> Goal of the exercise:
The whole listing below should be retyped exactly, without any images.

> Dataset excerpt:
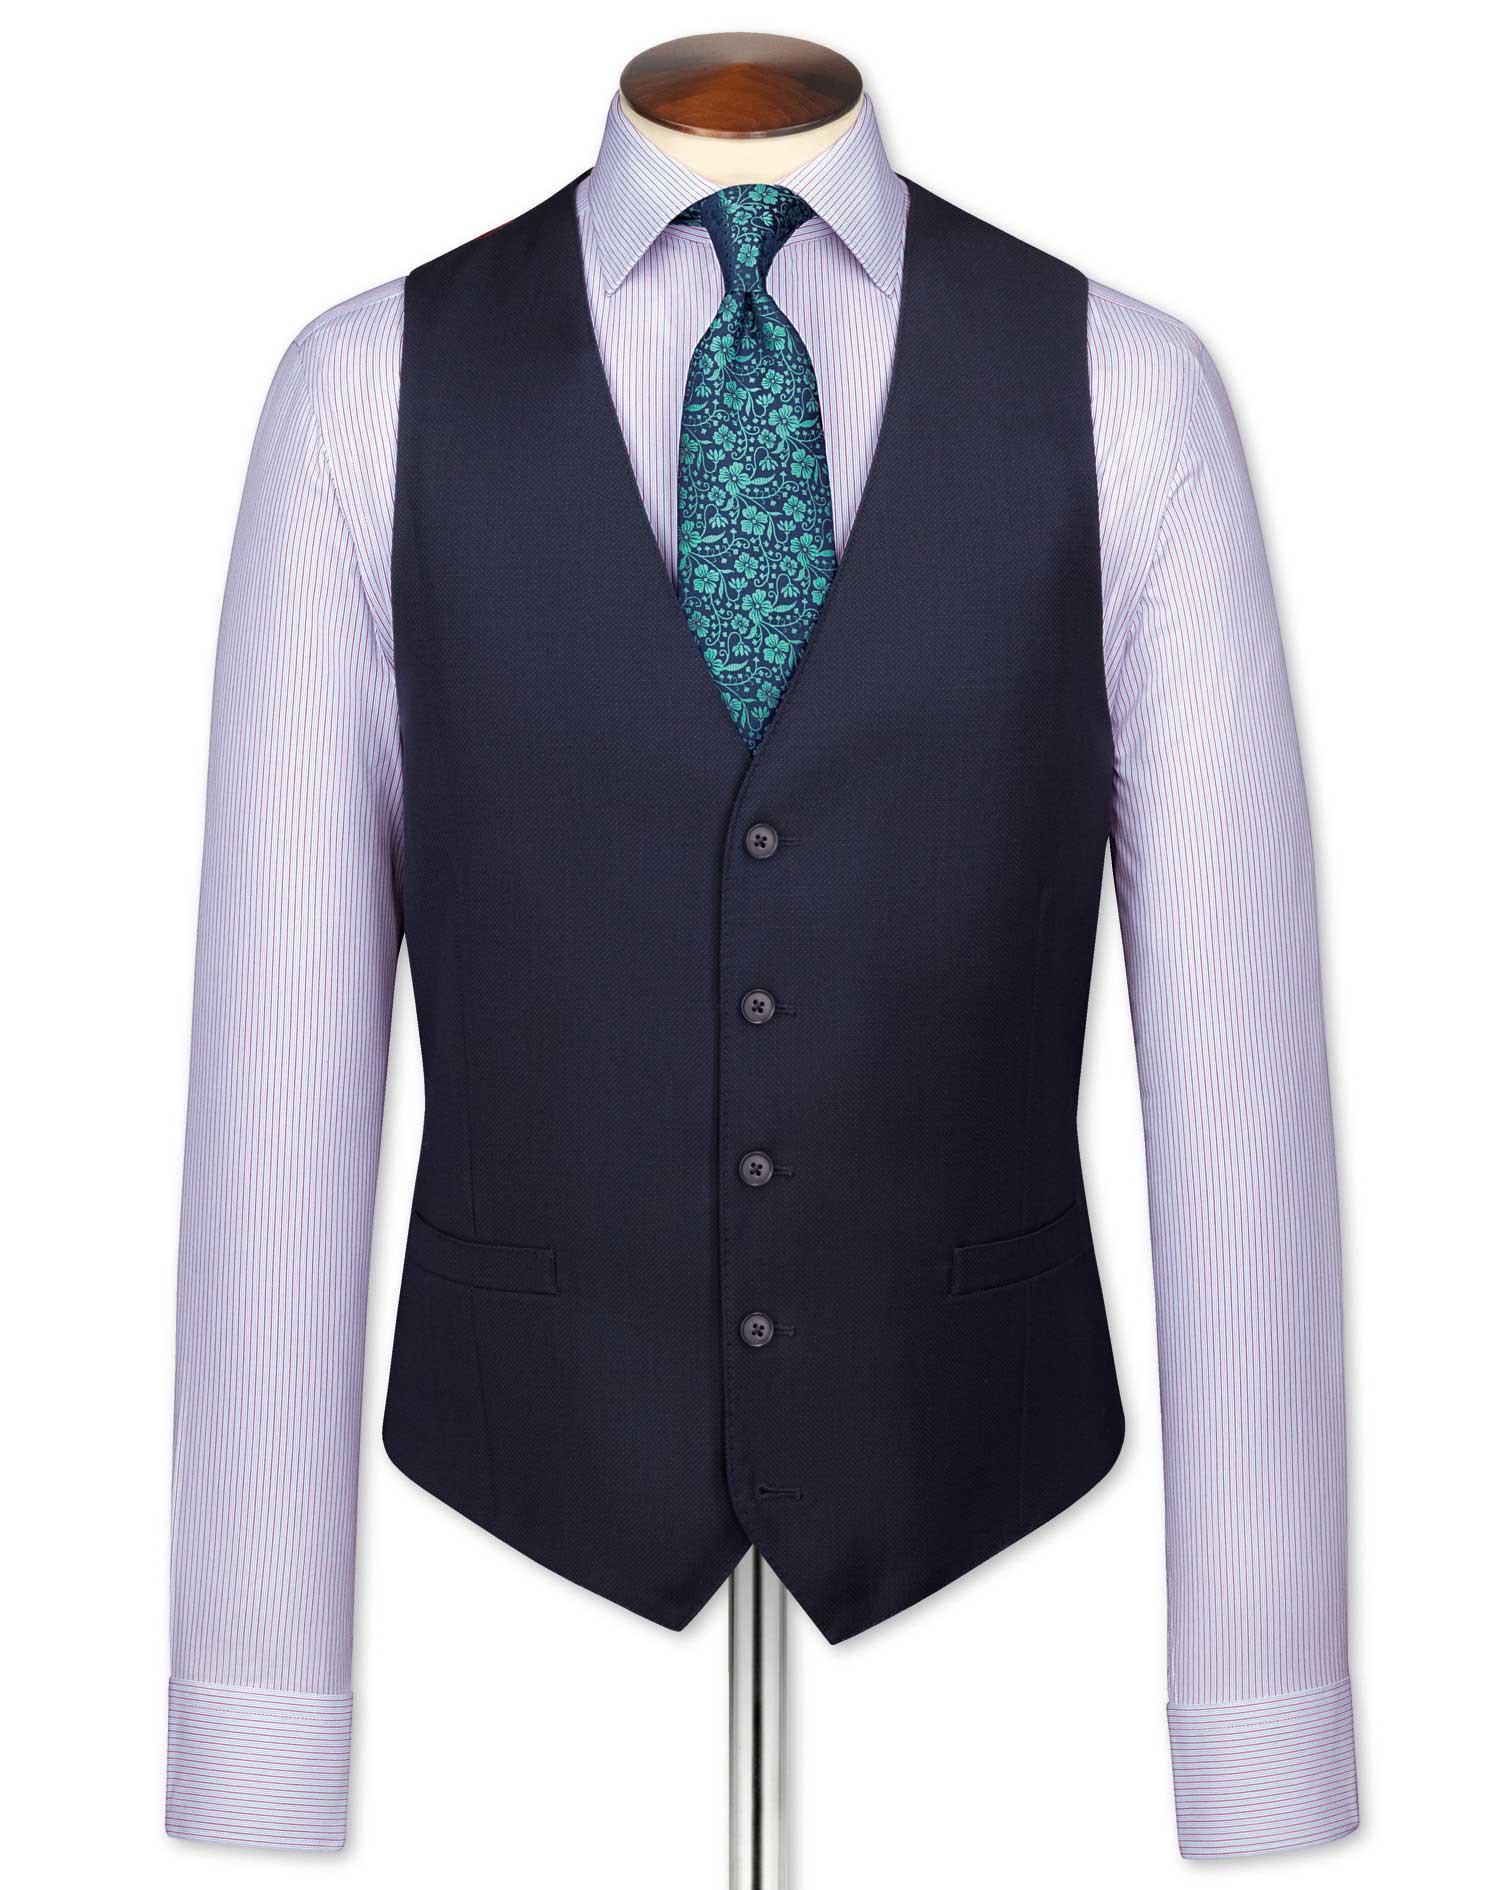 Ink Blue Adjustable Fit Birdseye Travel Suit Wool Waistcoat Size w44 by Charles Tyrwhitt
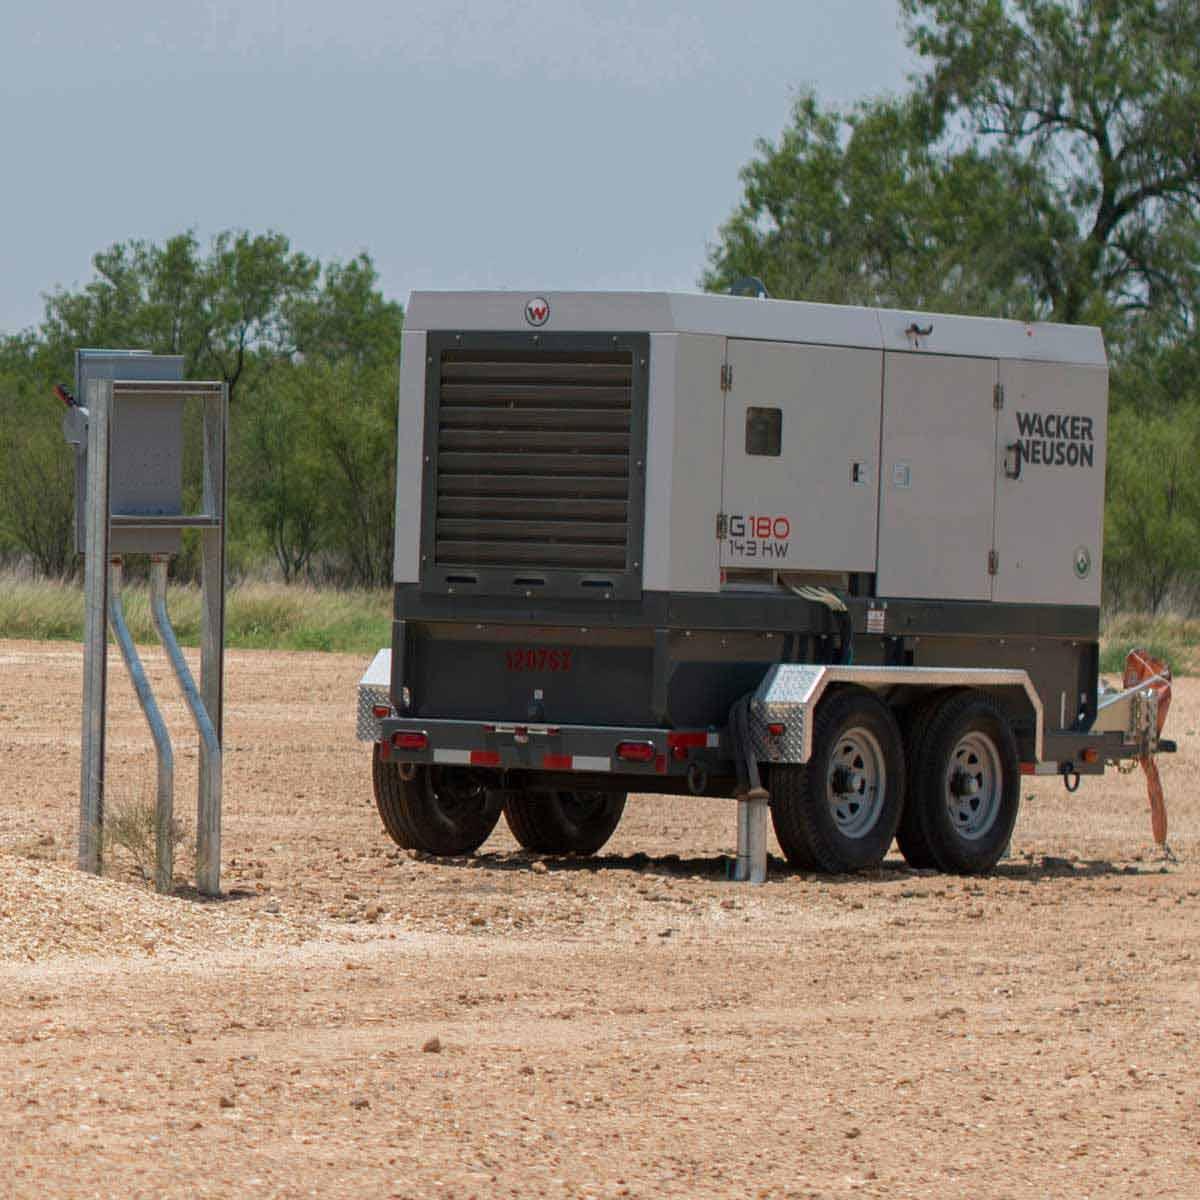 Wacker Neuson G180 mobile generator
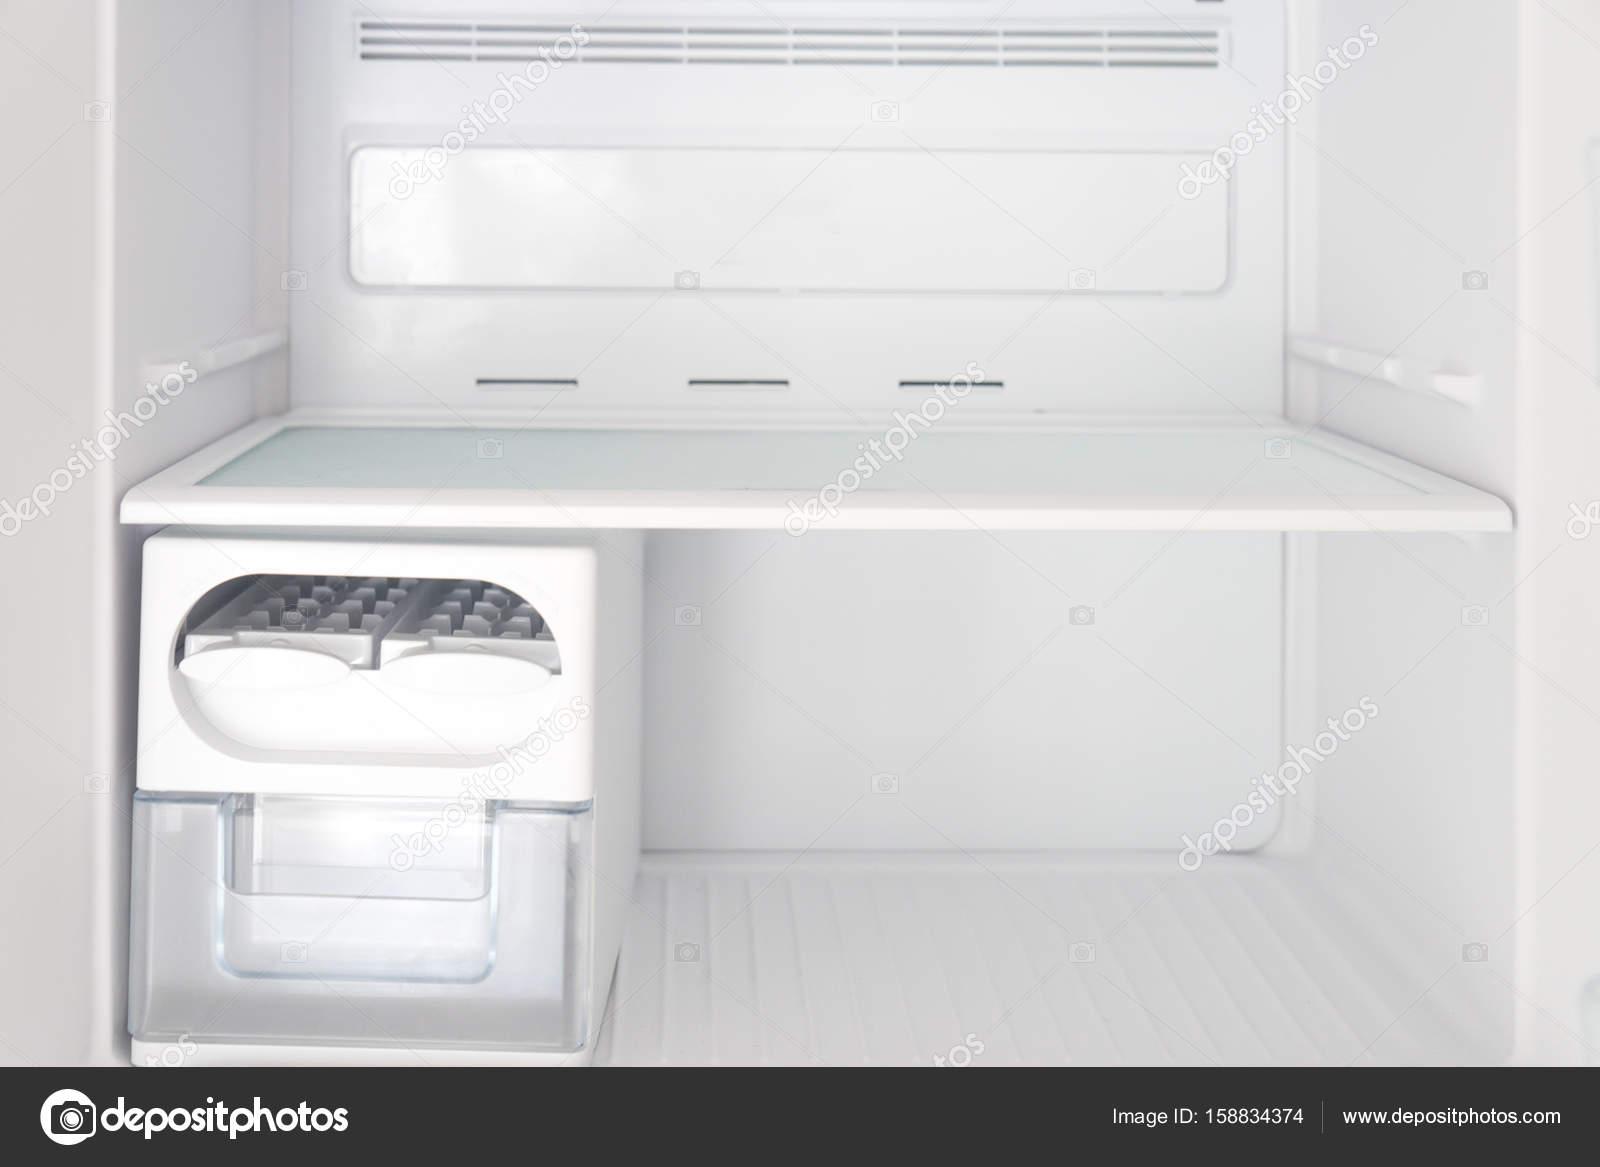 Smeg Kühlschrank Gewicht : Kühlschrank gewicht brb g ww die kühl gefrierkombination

> Result:
 Ink Blue Adjustable Fit Birdseye Travel Suit Wool Waistcoat Size w44 by Charles Tyrwhitt
 Wacker Neuson G180 mobile generator
 Smeg Kühlschrank Gewicht : Kühlschrank gewicht brb g ww die kühl gefrierkombination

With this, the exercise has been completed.